Enfim, nos resta saber como a pedagogia diferenciada se concretiza na prática. Para a inglesa Tomlinson, não existe uma fórmula única para a prática da pedagogia diferenciada, já que, segundo ela, diferenciar é simplesmente responder às necessidades dos alunos. Ou seja, o professor adapta e modifica o currículo, os métodos, os recursos, as atividades e as produções dos alunos, considerando as diferenças entre eles. A partir desses princípios, a autora aponta quatro aspectos que o professor pode diferenciar em sala de aula: conteúdo, processo, produção e ambiente de aprendizagem.

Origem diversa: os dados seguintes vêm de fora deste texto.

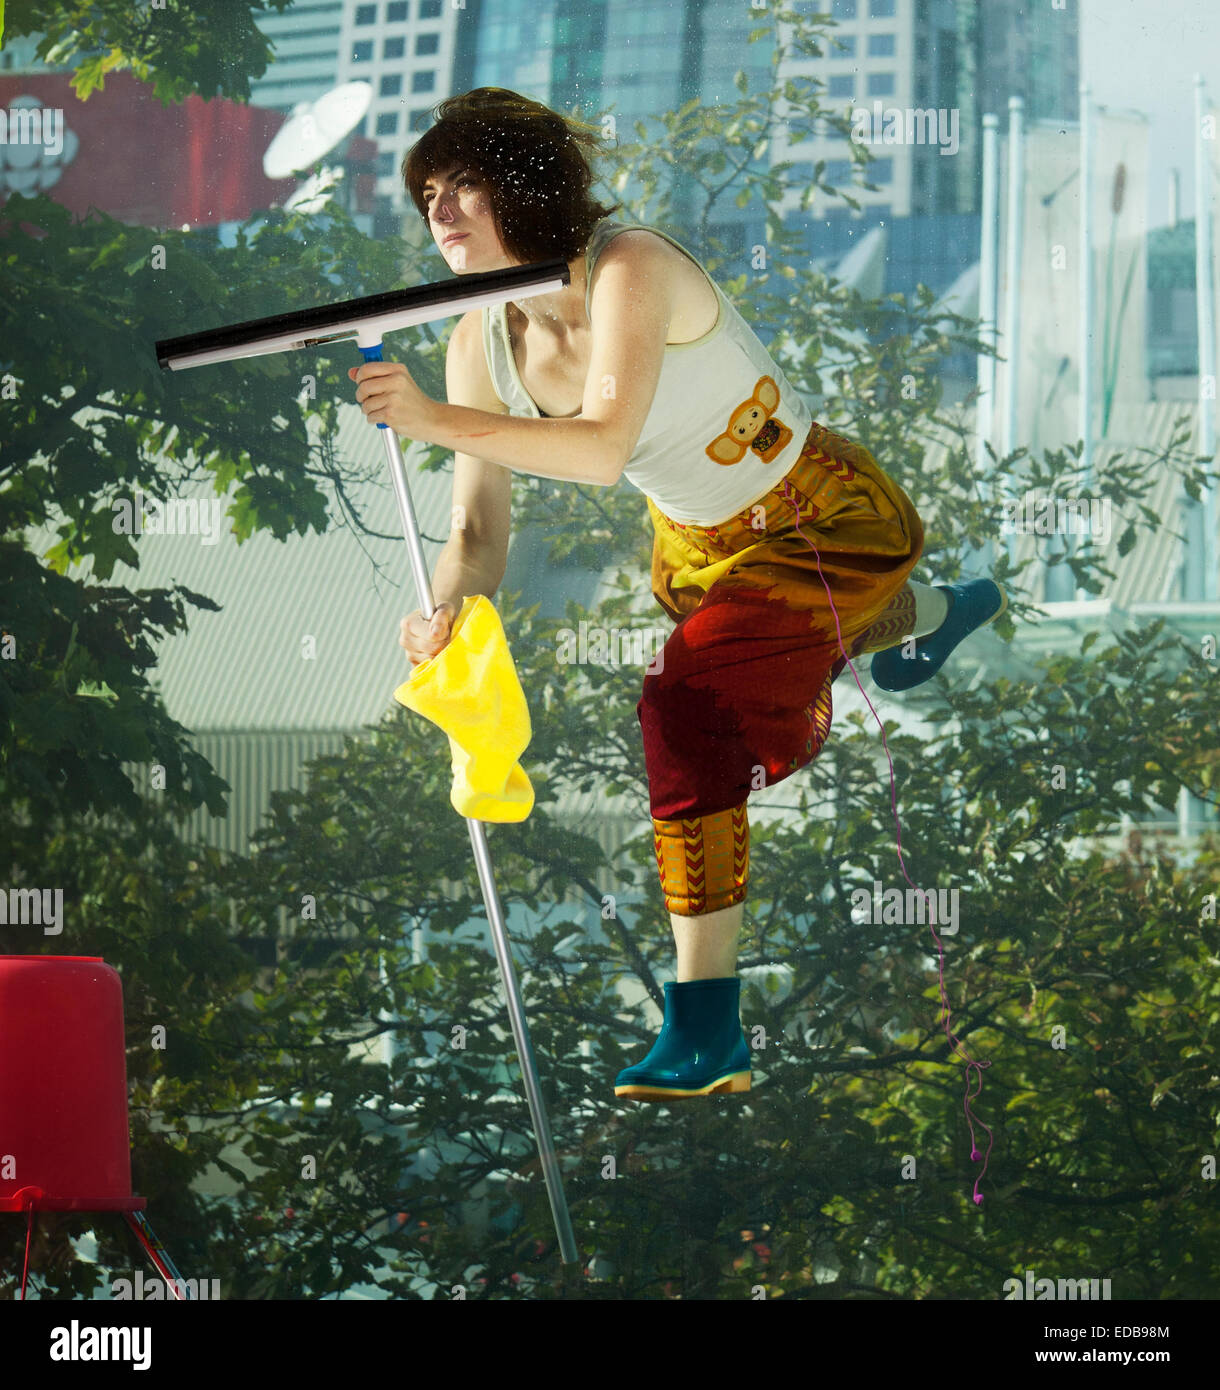 Street performance. Girl washing windows underwater in glass tank, Toronto, Canada - Stock Image

Os conteúdos representam o que os alunos devem aprender e compreender, sempre ­levando em consideração as características de cada um. Muitas vezes, é preciso adaptar os conteúdos com o intuito de deixá-los menos complexos e mais significativos para a aprendizagem de todos.

Já o processo é definido pelo conjunto e a diversidade de atividades que permitem ao aluno se apropriar dos conteúdos e compreendê-los em profundidade. As produções ­referem-se ao meio pelo qual os alunos podem demonstrar e reforçar sua aprendizagem.

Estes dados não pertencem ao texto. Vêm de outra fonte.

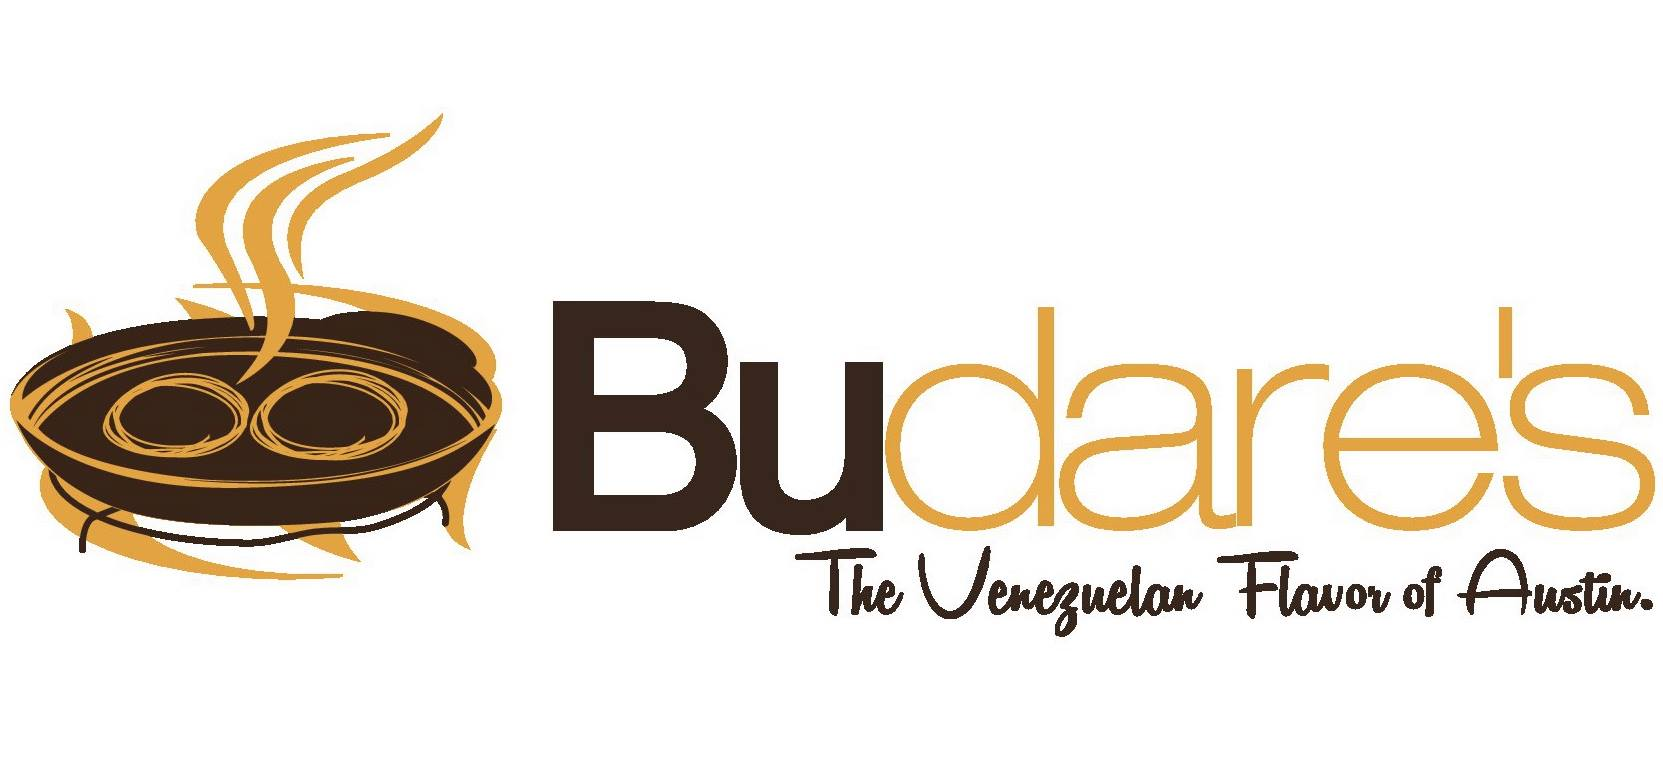 Budare's logo

Por fim, Tomlinson enfatiza a necessidade de criar um ambiente de aprendizagem onde o professor promove a aceitação dos outros, a cooperação e o apoio mútuo entre os alunos. A relação professor-aluno também deve ser levada em consideração, já que um professor afetivo e compreensivo age como mola propulsora do desenvolvimento intelectual de seus alunos. Além disso, o professor deve considerar o ambiente físico e promover mudanças no local para facilitar o processo de aprendizagem.

Evidentemente, diferenciar a pedagogia não é tarefa fácil, já que tal empreitada exige um conhecimento mais amplo das diferentes abordagens pedagógicas, de mais tempo de preparação e de flexibilidade por parte do professor, para que o mesmo seja capaz de compreender e administrar as diferenças dos seus alunos. Porém, “se o objetivo é dar a todos chances de aprender, quaisquer que sejam sua origem social e seus recursos culturais, então uma pedagogia diferenciada é uma pedagogia racional” e, por essa razão, deve ser uma prática utilizada em toda sala de aula. Afinal, “diferenciar é lutar para que as desigualdades diante da escola se atenuem e, simultaneamente, para que o nível de ensino se eleve”.